- _Work request_
Please keep pictures out and return the lines below exactly, from the one holding "Beauty Queen Dress" through the last, both included.

[Dataset items]

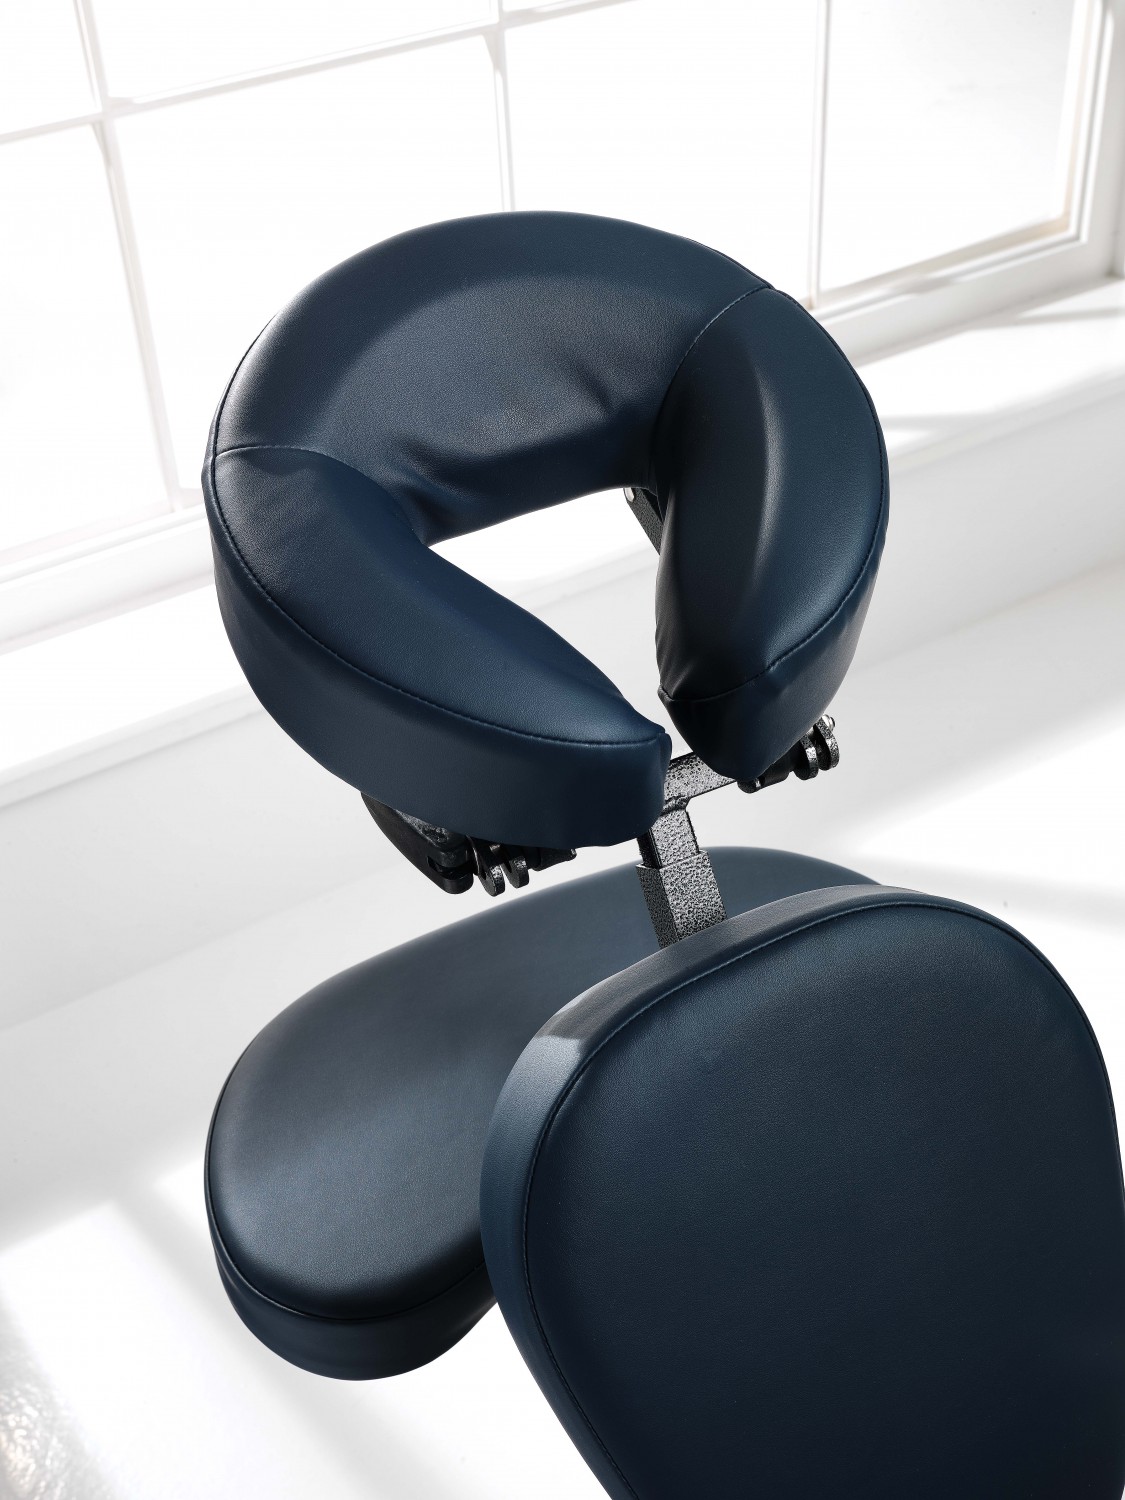  XanitaliaPro Kiro Chair Massage chair 
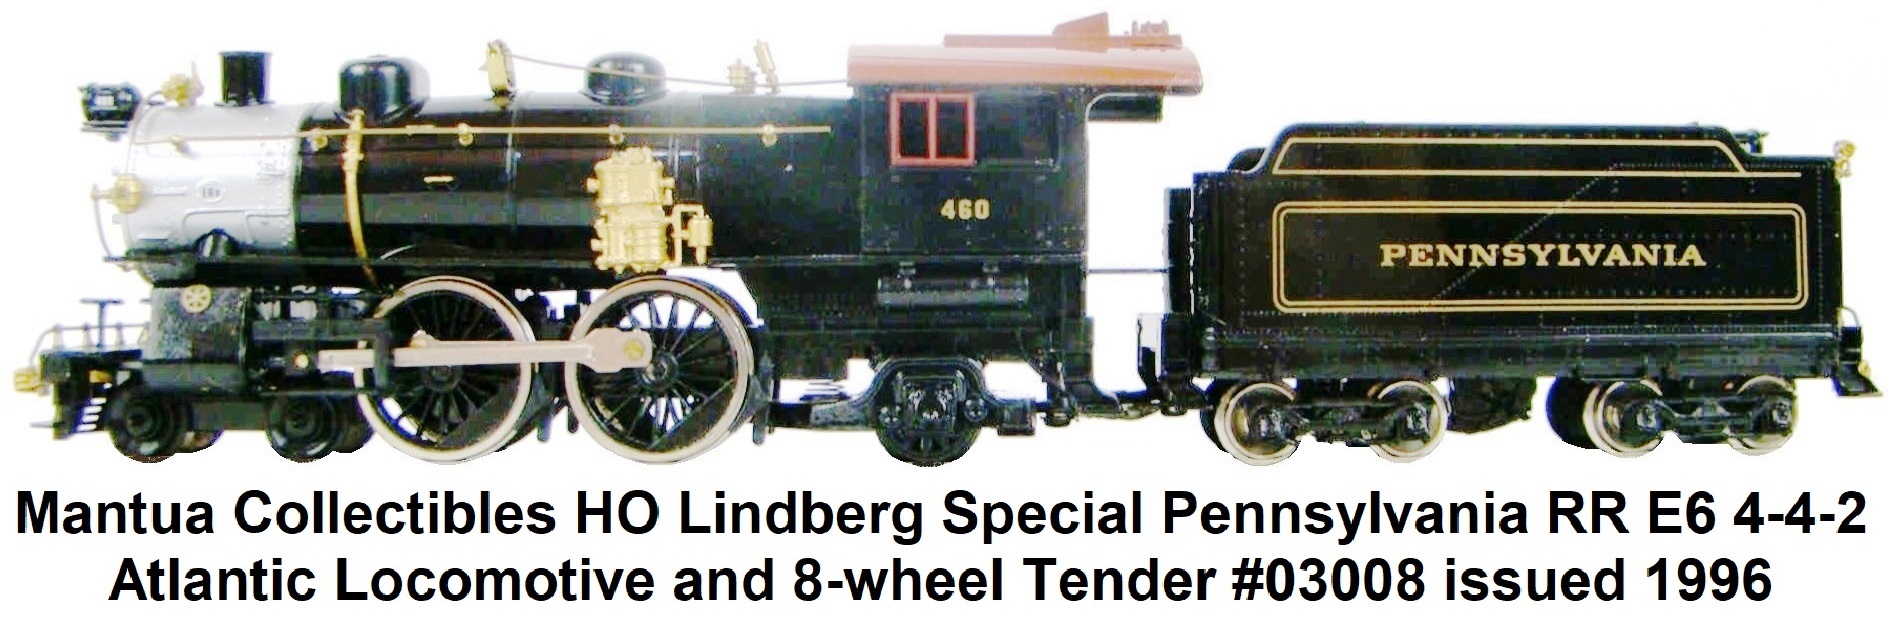 Mantua Collectibles HO Lindberg Special Pennsy #460 E6 4-4-2 Atlantic Locomotive #03008 made 1996
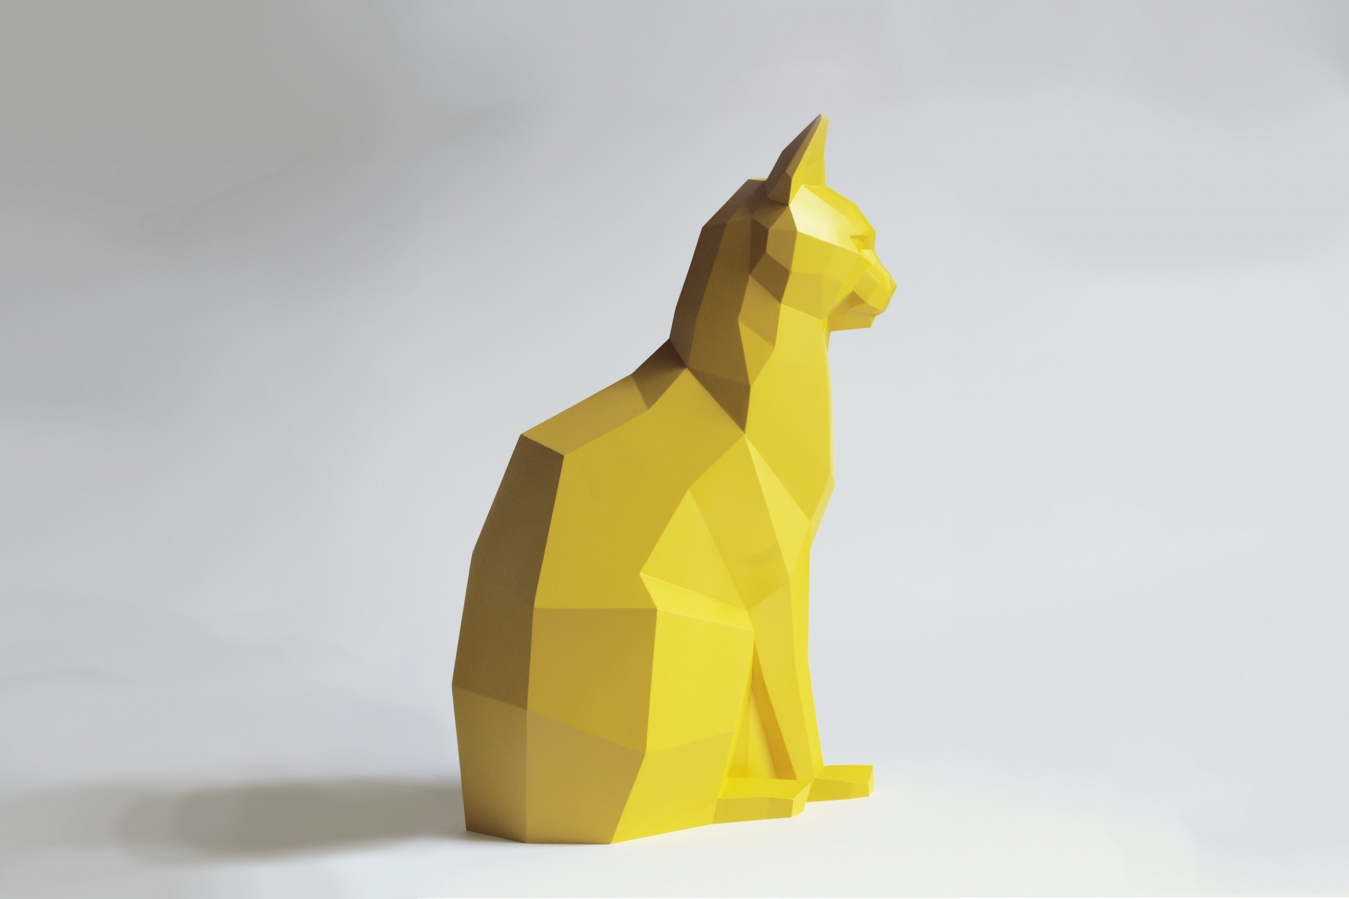 Paperwolf - Wolfram Kampffmeyer - 3D Wood three dimensional thinking
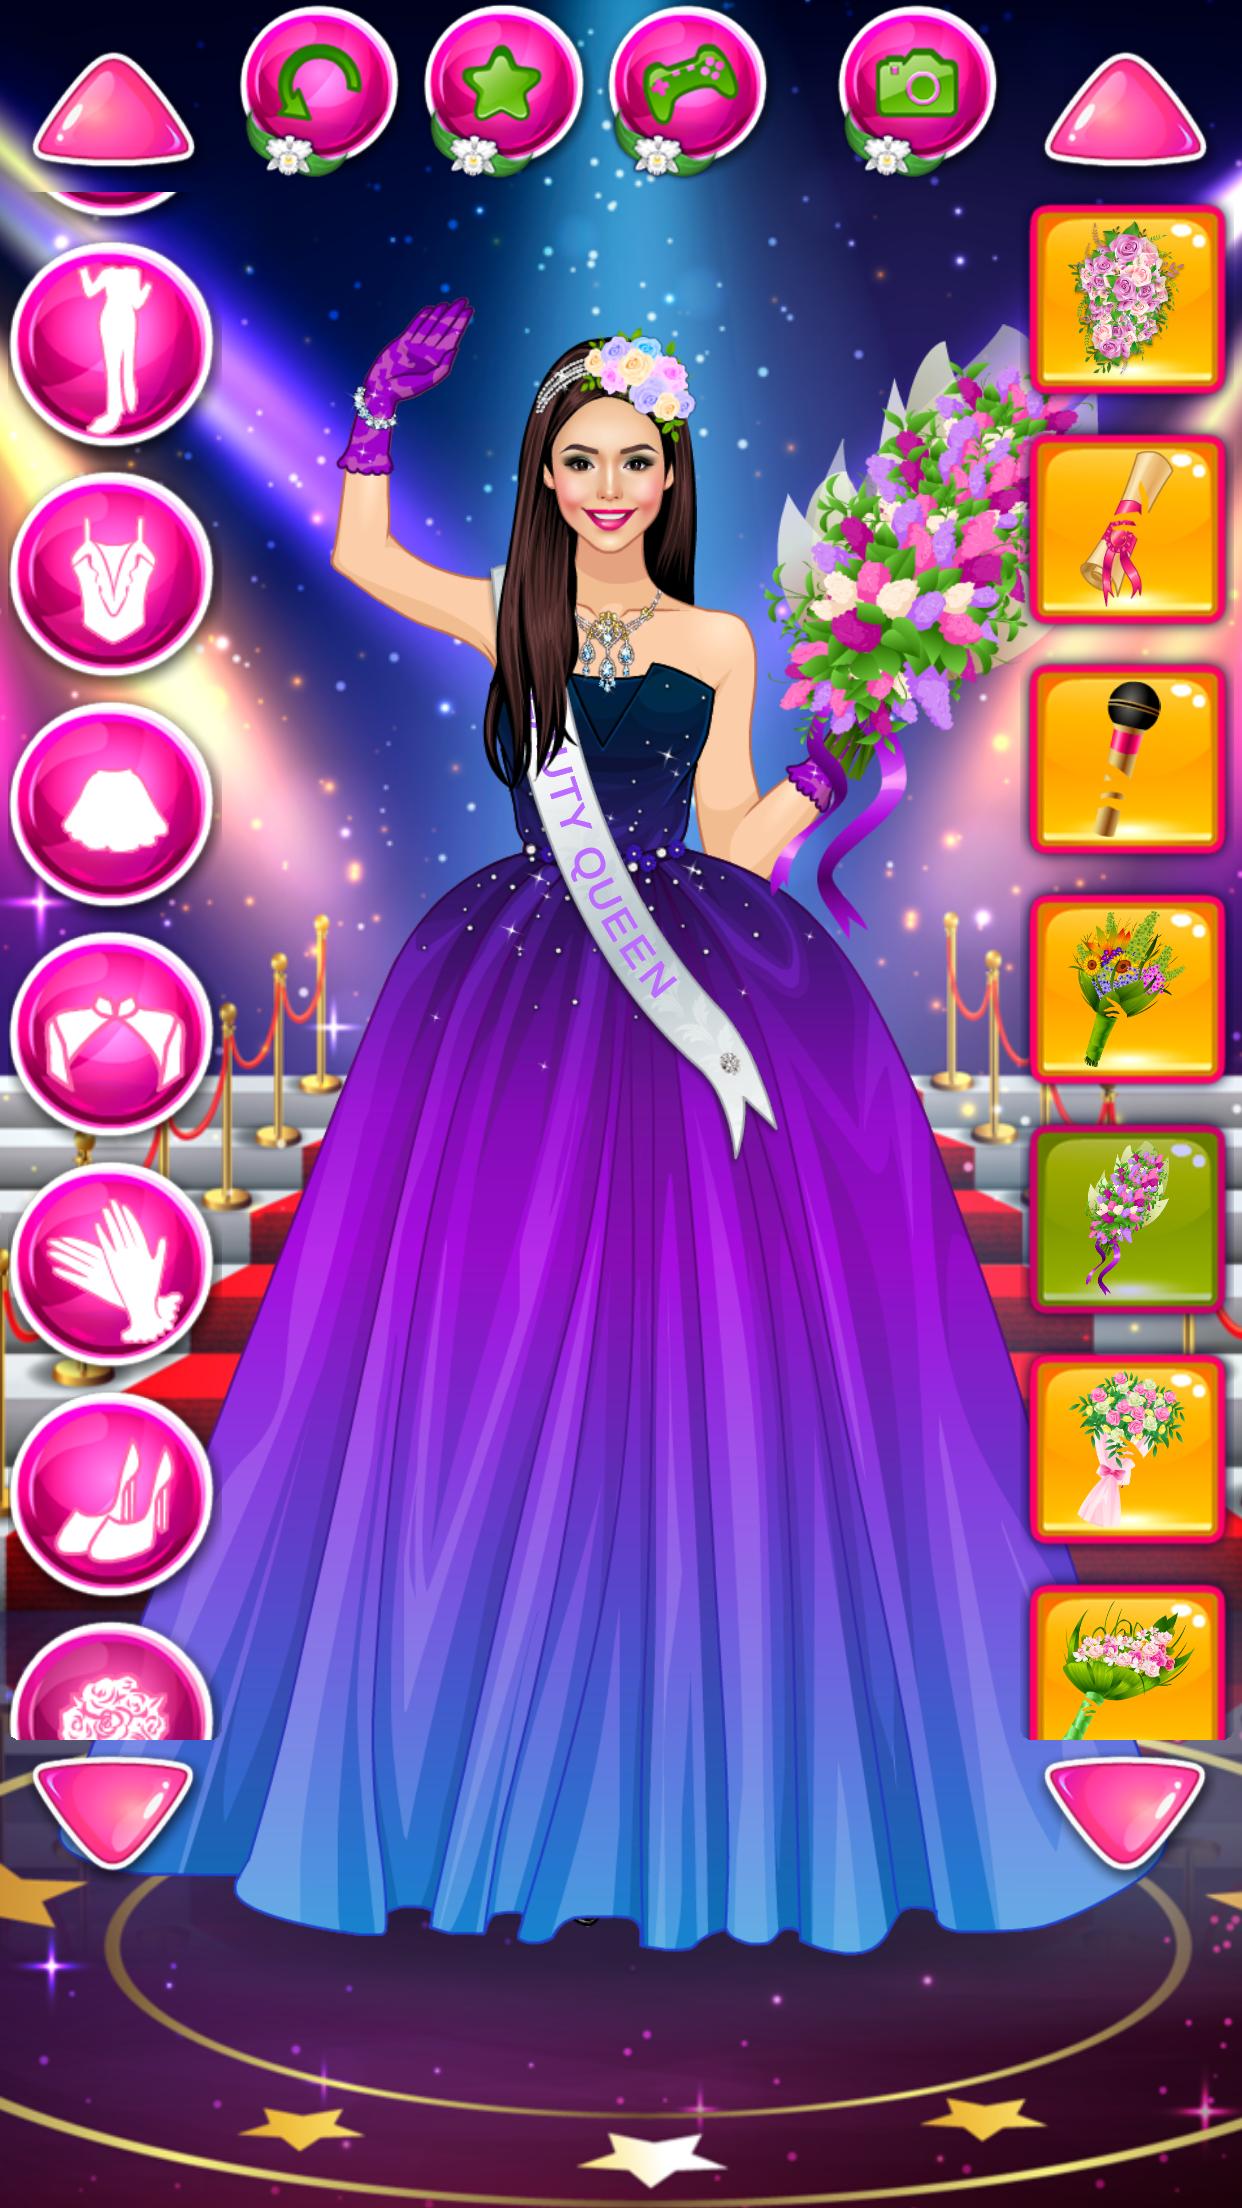 Beauty Queen Dress Up - Star Girl Fashion 1.1 Screenshot 10
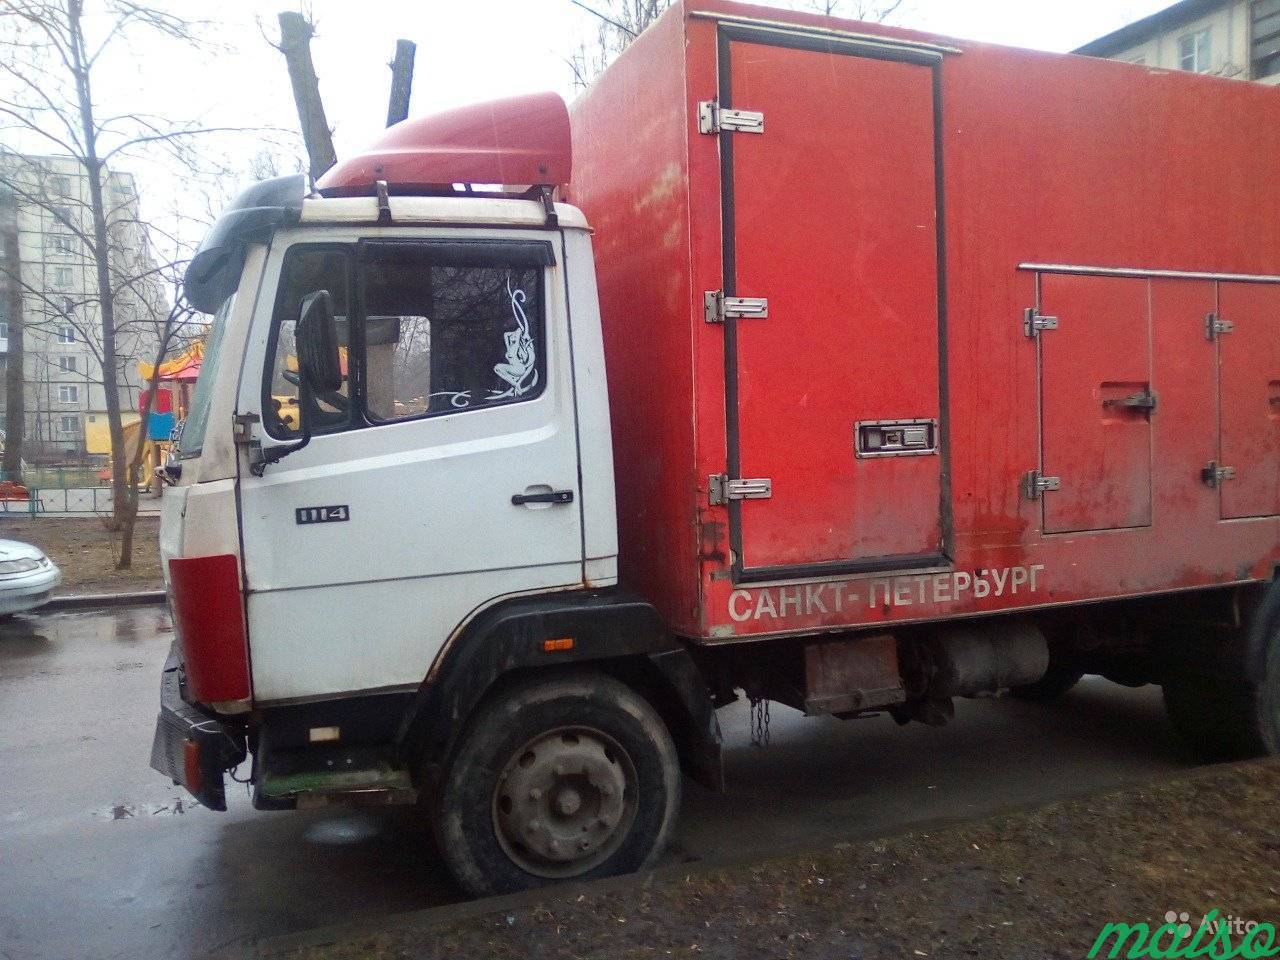 Мерседес 1114 грузовой термо-фургон в Санкт-Петербурге. Фото 1

- _Exercise output_
 Beauty Queen Dress Up - Star Girl Fashion 1.1 Screenshot 10
 Мерседес 1114 грузовой термо-фургон в Санкт-Петербурге. Фото 1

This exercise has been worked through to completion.